Rasulullah (sav) Efendimiz;

“Kimseyle münakaşa etmeyen, konuşurken itiraz etmeyen veya haklı olduğu hâlde kimseyi incitmeyen Müslüman’ın, Cennet’e gireceğine söz veriyorum” buyurmuştur. (Tirmizî)

Yine bir hadis-i şerifinde;

“Münakaşa, akıl, fazilet ve ilimde kendisinin üstünlüğünü ispata çalışmaktır. Bu ise karşısındakini cehalet ve ahmaklıkla itham etmek demektir. Bu düpedüz düşmanlıktır, kendisini karşısındakinden üstün görmek ise kibirdir.”

Eskiler de münakaşaya yol açar diye sual bile sormazlardı.

Cenab-ı Zülcelâl Hazretleri;

“Ey müminler! Namazı kıldıktan hemen sonra Beni zikredin, ‘Kesiran kesira’ hem de sık sık zikredin” buyurmaktadır.

Cenab-ı Zülcelâl Hazretleri her ibadetin özrünü kabul ediyor ancak zikrullah’da özrü kabul etmiyor. Ne yazık ki babalarımız, dedelerimiz, “aman çok zikretme, tarikata girme, ibadeti sık sık yapma kafayı bozarsın,” diyerek, gayri müslimlerin söylediği sloganı annemiz, babamız hatta âlimlerimiz bile söyleyerek bizi Allah’ın (cc) zikrinden men ettiler.

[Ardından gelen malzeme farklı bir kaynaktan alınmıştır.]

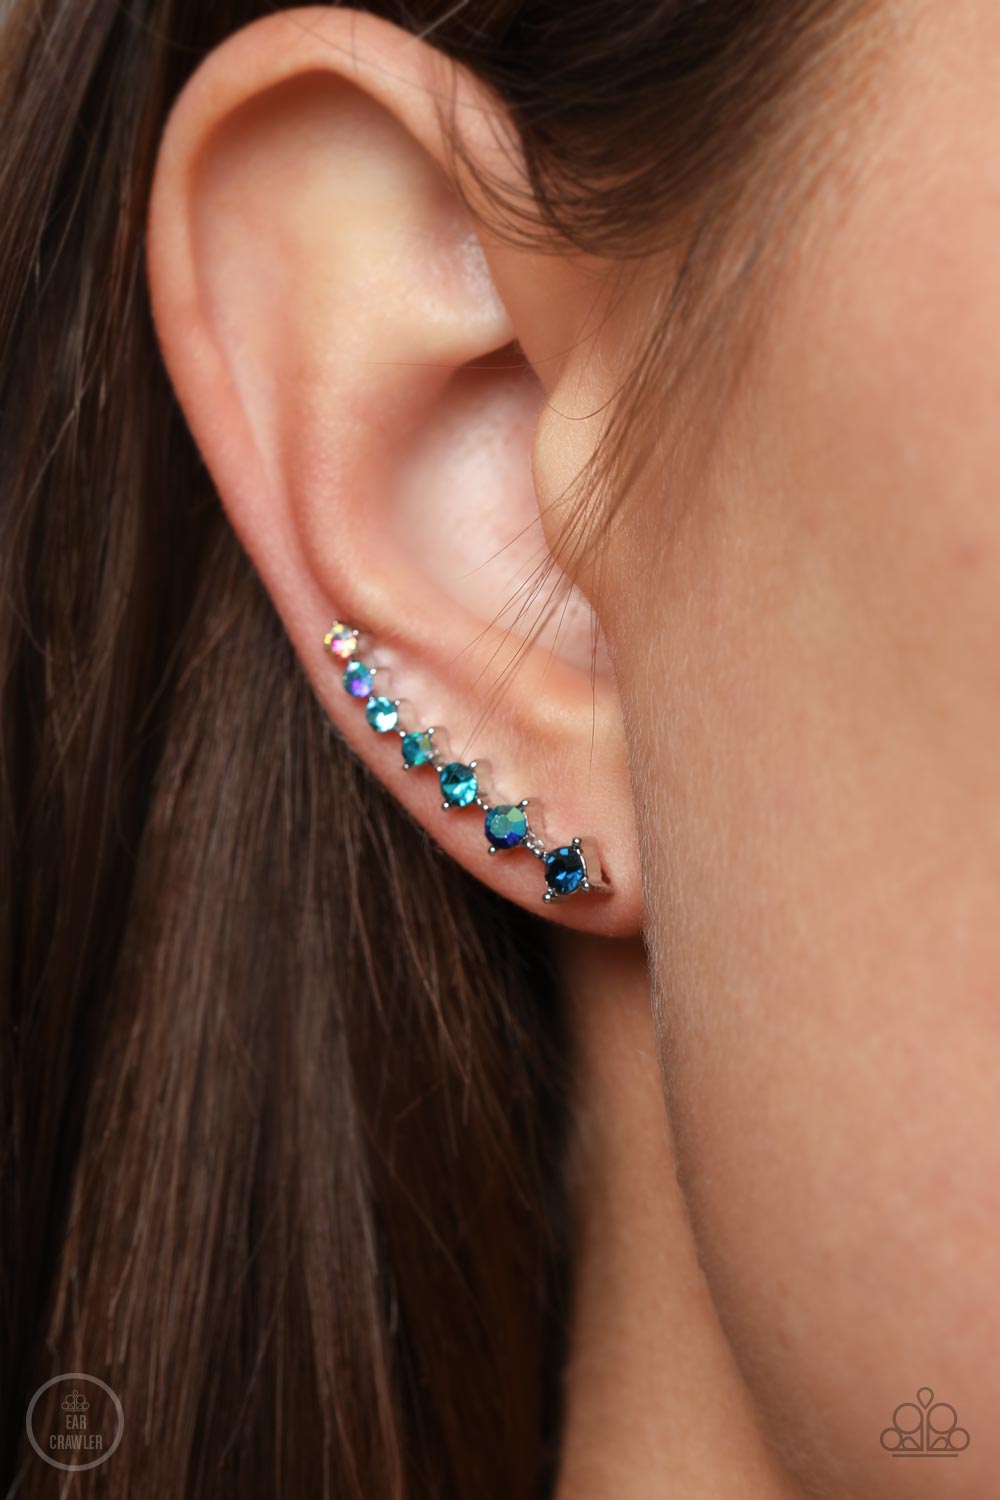 STARLIGHT Show Blue Rhinestone Ear Crawler Earrings - Paparazzi Accessories- lightbox - CarasShop.com - $5 Jewelry by Cara Jewels

Rasulullah (sav) EfendimizHazreti Ali Efendimize cehri zikrin, Ebu Bekir Efendimize hafi ve kalbi zikrin meratiplerini tavsiye etmiştir. Sahabelerin bazılarına da hafi zikri bazılarına cehri zikri tavsiye etmiştir. Cem olduklarında ise hepsi birden zikretmişlerdir. Her iki kolda yani hafi ve cehri zikir Abdülkadir Geylani (ks) Hazretlerinde birleşir.

Şimdi soruyorlar “Nereye bağlısınız diye?”

Efendim ben Geylani Hazretlerine bağlıyım. Sen nereye bağlısın denilince; Rufai Hazretlerine, sen Bahattin Nakşibendî, sen Mevlevi’ye, sen Hacı Bektaşi Veli’ye, sen Süleyman Hilmi Tuna Efendi’ye, sen Saidi Nursi Hazretlerine, denilse de hepsinin yolu Allah’a (cc) gider. İki yolla; biri hafi zikir ile gider, diğeri cehri zikir ile gider. Hepimizin silsilesi ya Hazreti Ebubekir Efendimize ya da Hazreti Ali Efendimize dayanır.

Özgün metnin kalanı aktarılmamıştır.